Can you try setting "ipv6.may-fail" to FALSE and see if this makes any difference?

> nmcli connection modify Wired\ Connection\ 1 ipv6.may-fail no
Comment 12 Adam Majer 2023-06-30 15:00:34 UTC
(In reply to Jonathan Kang from comment #11)
> In your setup, NetworkManager logs "startup complete" when ipv4 succeeds,
> and this triggers NetworkManager-wait-online to quit. But at that moment,
> NetworkManager is still at the process of setting manual ipv6 address. This
> is caused by the "ipv6.may-fail" property defaulting to TRUE. So when dhcp4
> succeeded, NetworkManager thought it's time to finish the startup.
> 
> Can you try setting "ipv6.may-fail" to FALSE and see if this makes any
> difference?
> 
> > nmcli connection modify Wired\ Connection\ 1 ipv6.may-fail no

setting may-fail to false, seem to fix my problem. Thanks!

The question is then, shouldn't manually defined settings automatically default to may-fail=no, if there is no specific value set in this field?

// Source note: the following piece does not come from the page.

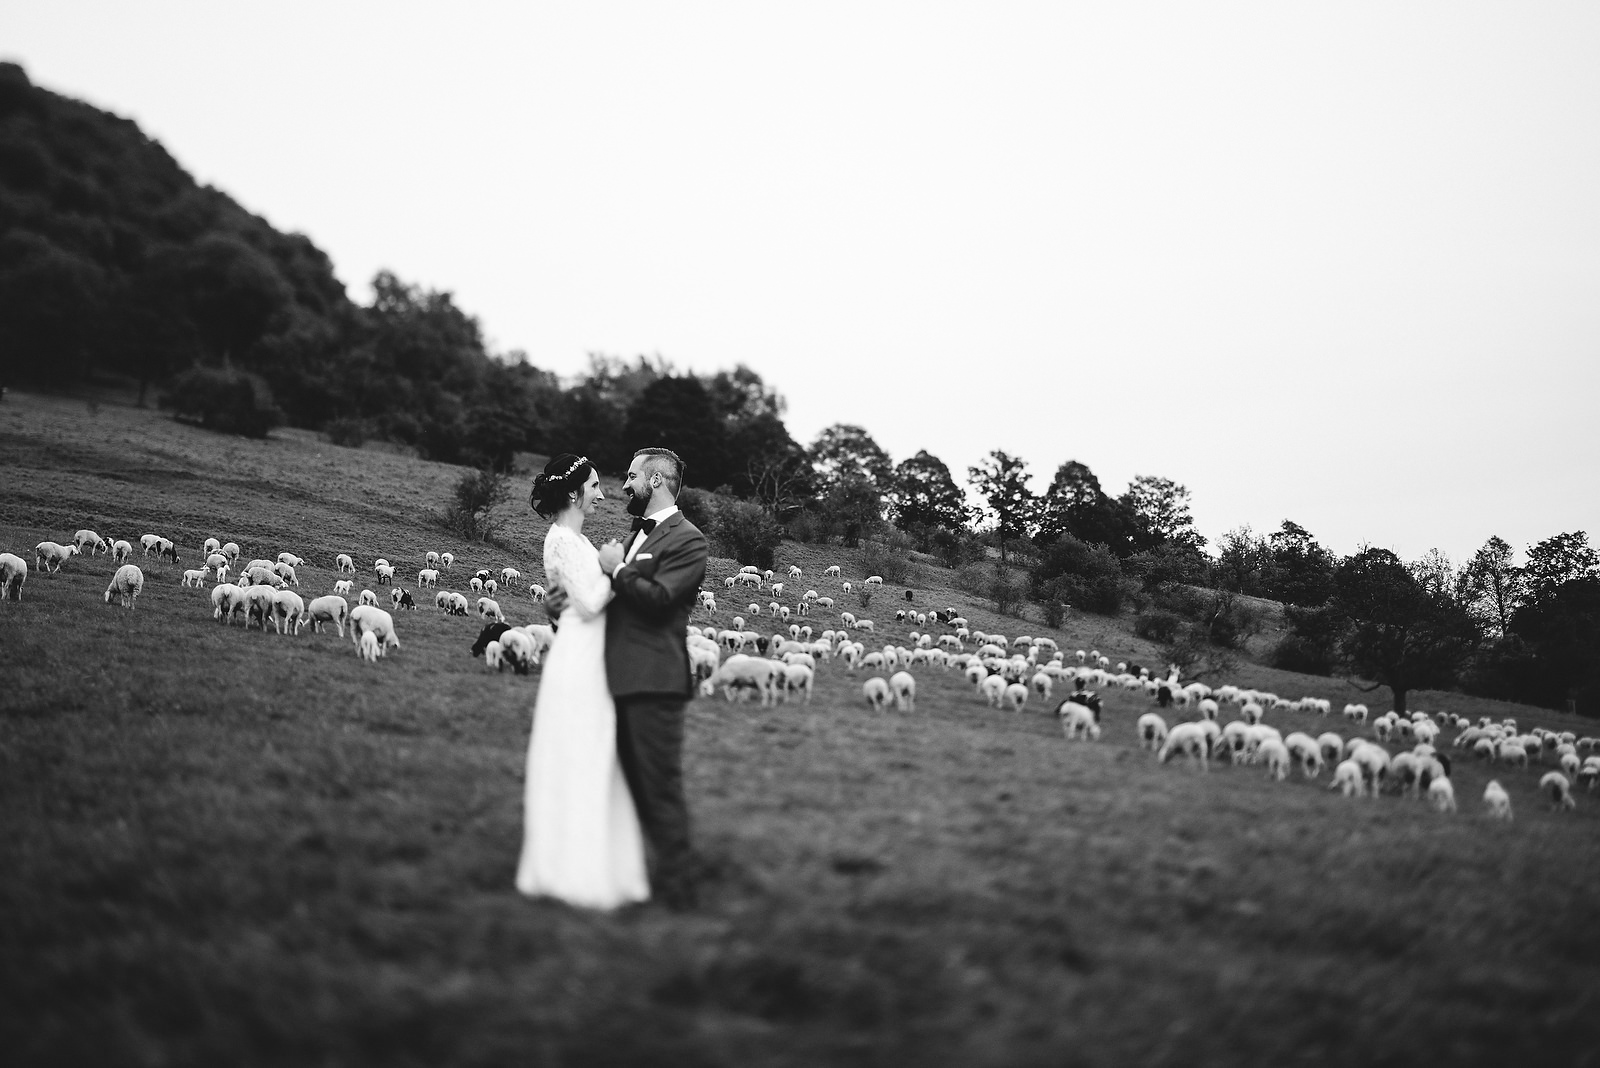 Fotograf Konstanz - Hochzeitsfotograf Reutlingen Achalm Hochzeit EFP 83 - Als Hochzeitsfotograf auf der Achalm, Reutlingen  - 68 -
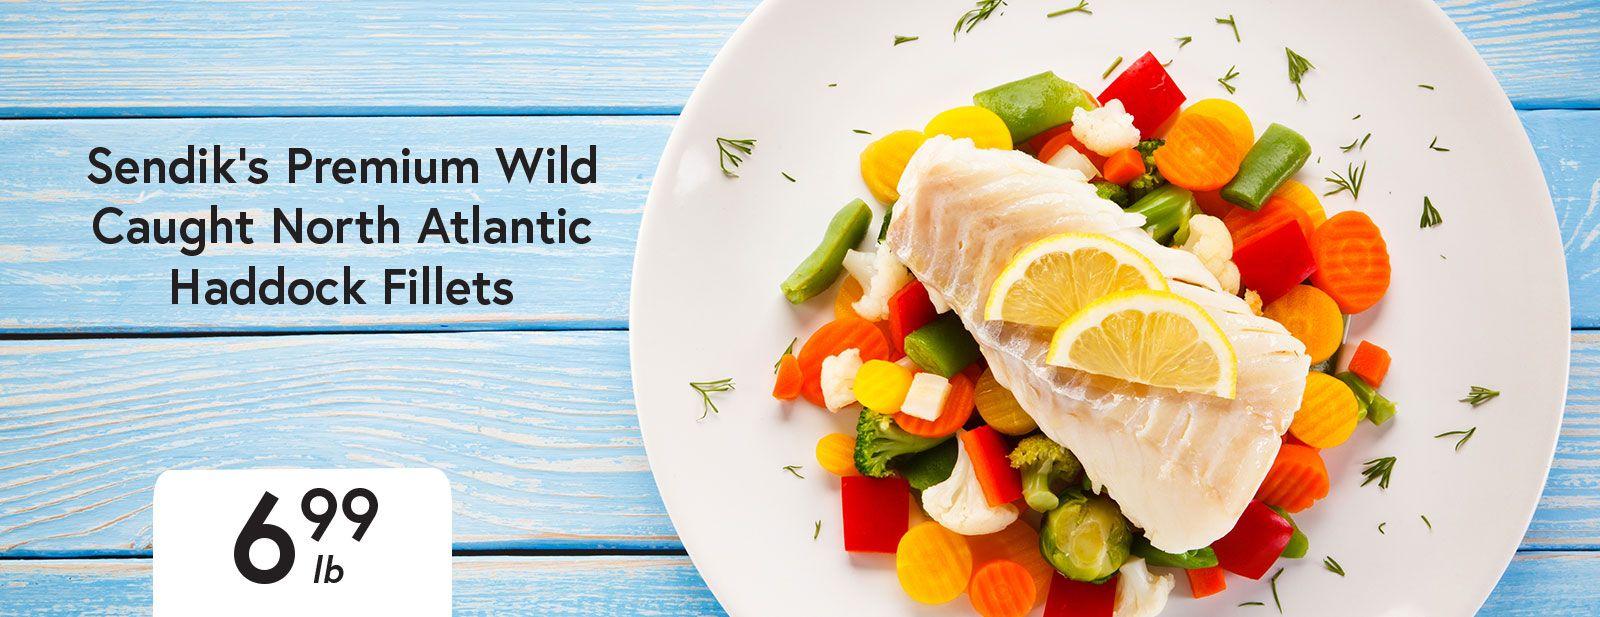 Sendik's Premium Wild Caught North Atlantic Haddock Fillets $6.99 lb

I assume this probably should be discussed with upstream when may-fail should default to false and when to true. The current case when it always defaults to true is ... confusing.
Comment 13 Jonathan Kang 2023-07-03 12:31:02 UTC
(In reply to Adam Majer from comment #12)
> 
> setting may-fail to false, seem to fix my problem. Thanks!
> 
> The question is then, shouldn't manually defined settings automatically
> default to may-fail=no, if there is no specific value set in this field?

By default, NetworkManager set this property for each new connection to TRUE. This is a safe default for all kinds of connections. Setting this to FALSE may cause  infinite waiting for scenarios where users don't have an IPv6 address.
> 
> I assume this probably should be discussed with upstream when may-fail
> should default to false and when to true. The current case when it always
> defaults to true is ... confusing.

I think this is more of a problem about NetworkManager deciding it's time to quit NetworkManager-wait-online when it got an IPv4 address(without internet access), but at that time the manual IPv6 address is still in the process of pending/configuring.

It sure is a good idea to talk to upstream developers and see what they think about this issue.